- **How to complete this task**: Take the line that contains "55b5b47a0e7bd Fenerbahçe 87050" and each one after it through the last line below, and retype them exactly. Leave out the pictures.

- **Supplied material**:
******************************
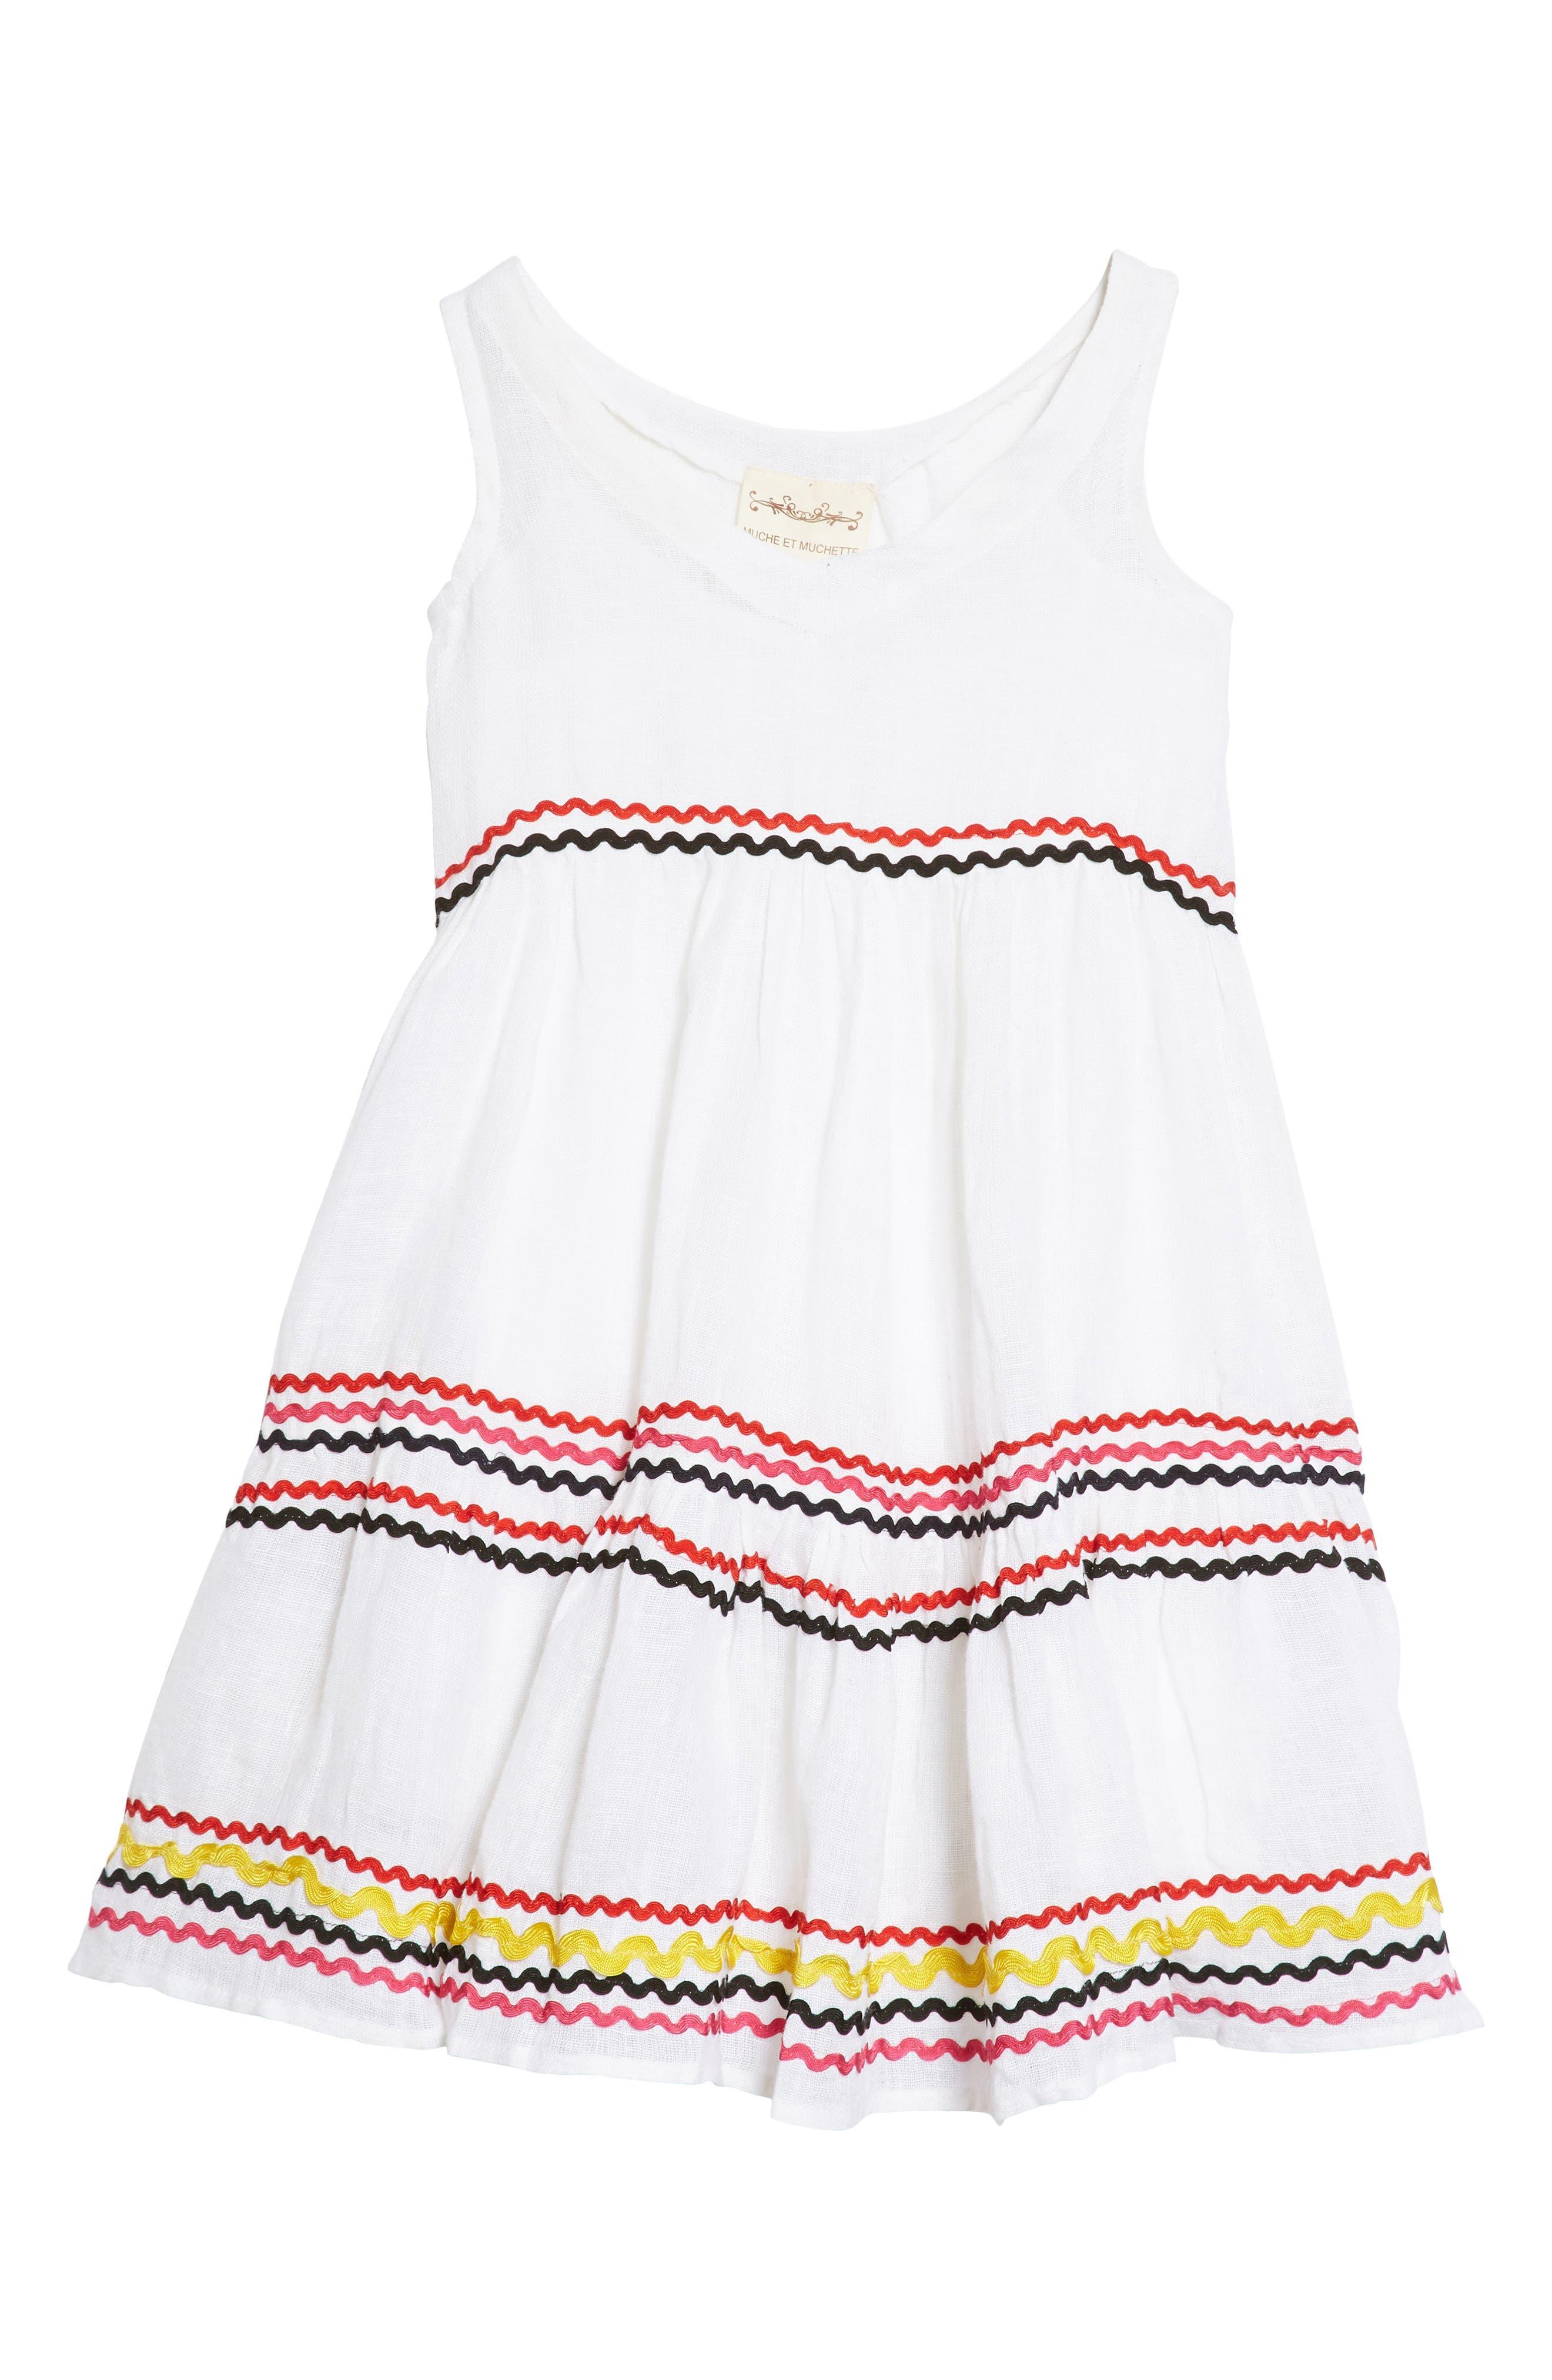 MUCHE ET MUCHETTE Mira Linen Dress, Main, color, 100
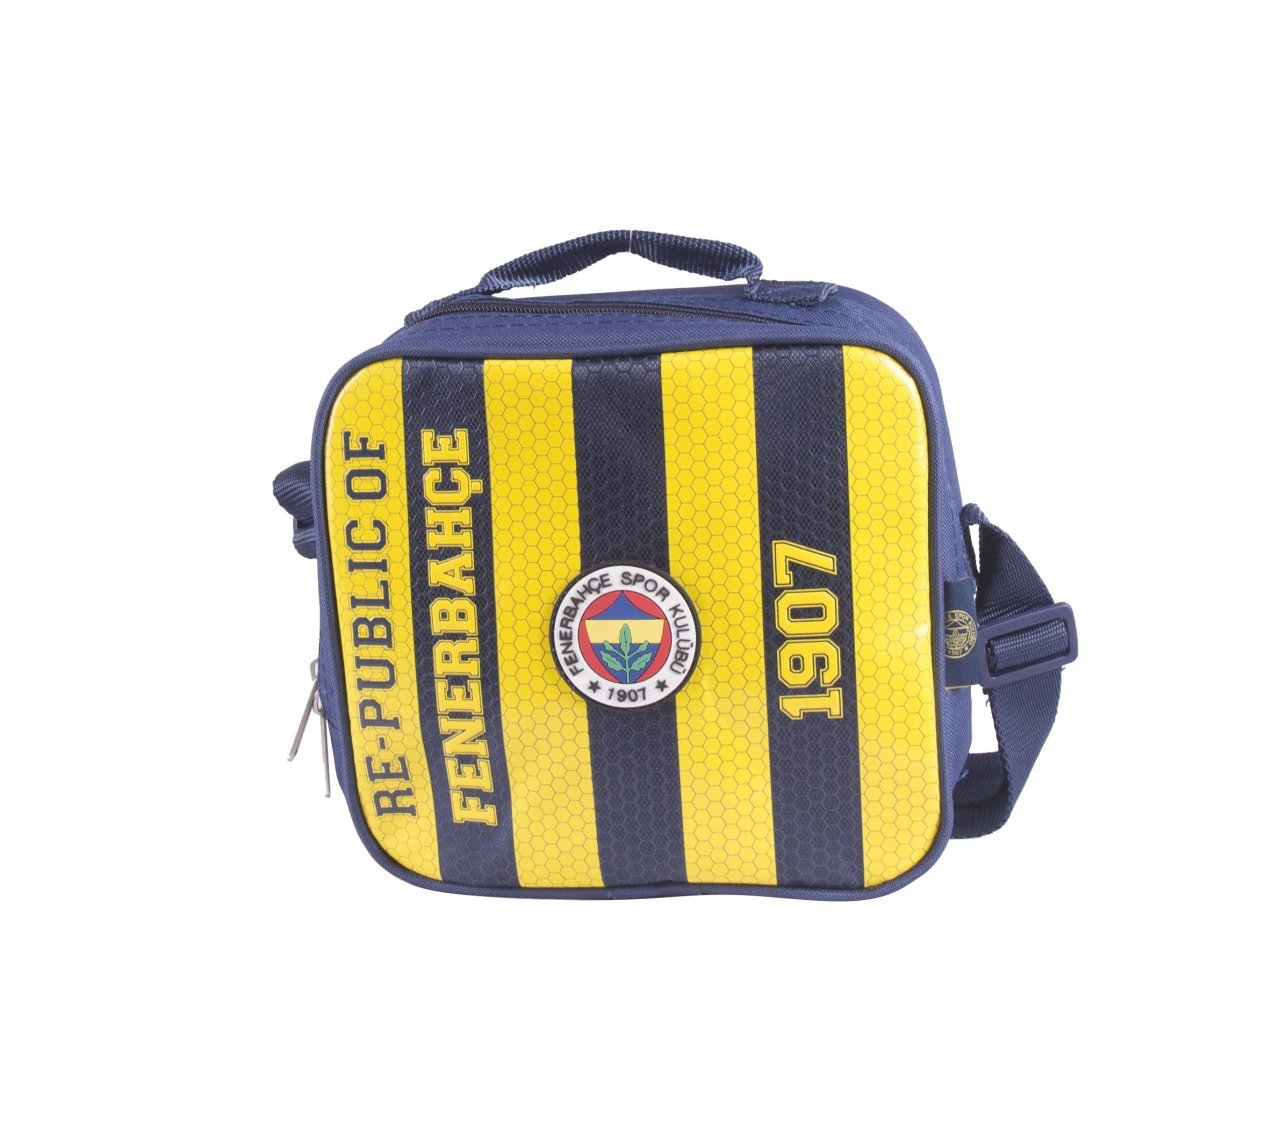 55b5b47a0e7bd Fenerbahçe 87050 Beslenme Çantası - Hemen Alın - OfisMalzemesi.com
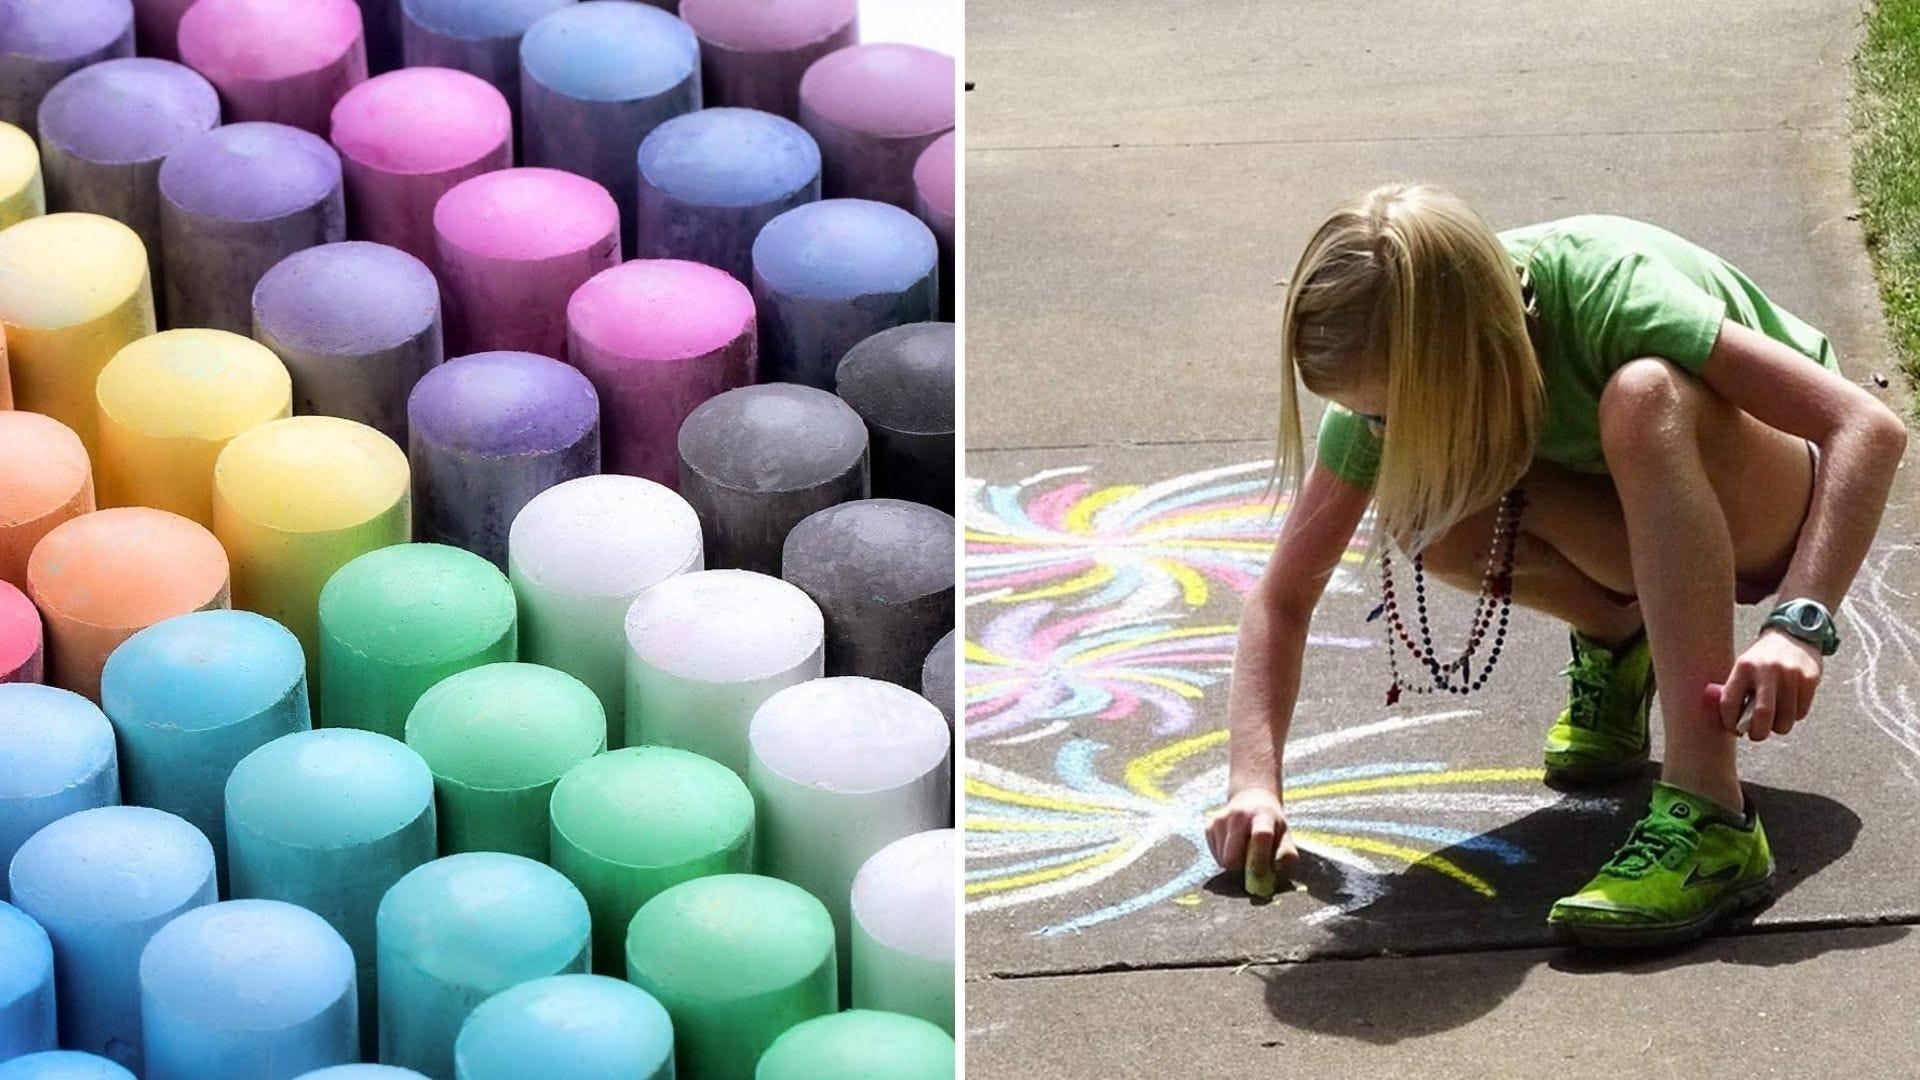 A large kit of sidewalk chalk and a girl draws with sidewalk chalk
******************************
- **Result of this exercise**:
 55b5b47a0e7bd Fenerbahçe 87050 Beslenme Çantası - Hemen Alın - OfisMalzemesi.com
 A large kit of sidewalk chalk and a girl draws with sidewalk chalk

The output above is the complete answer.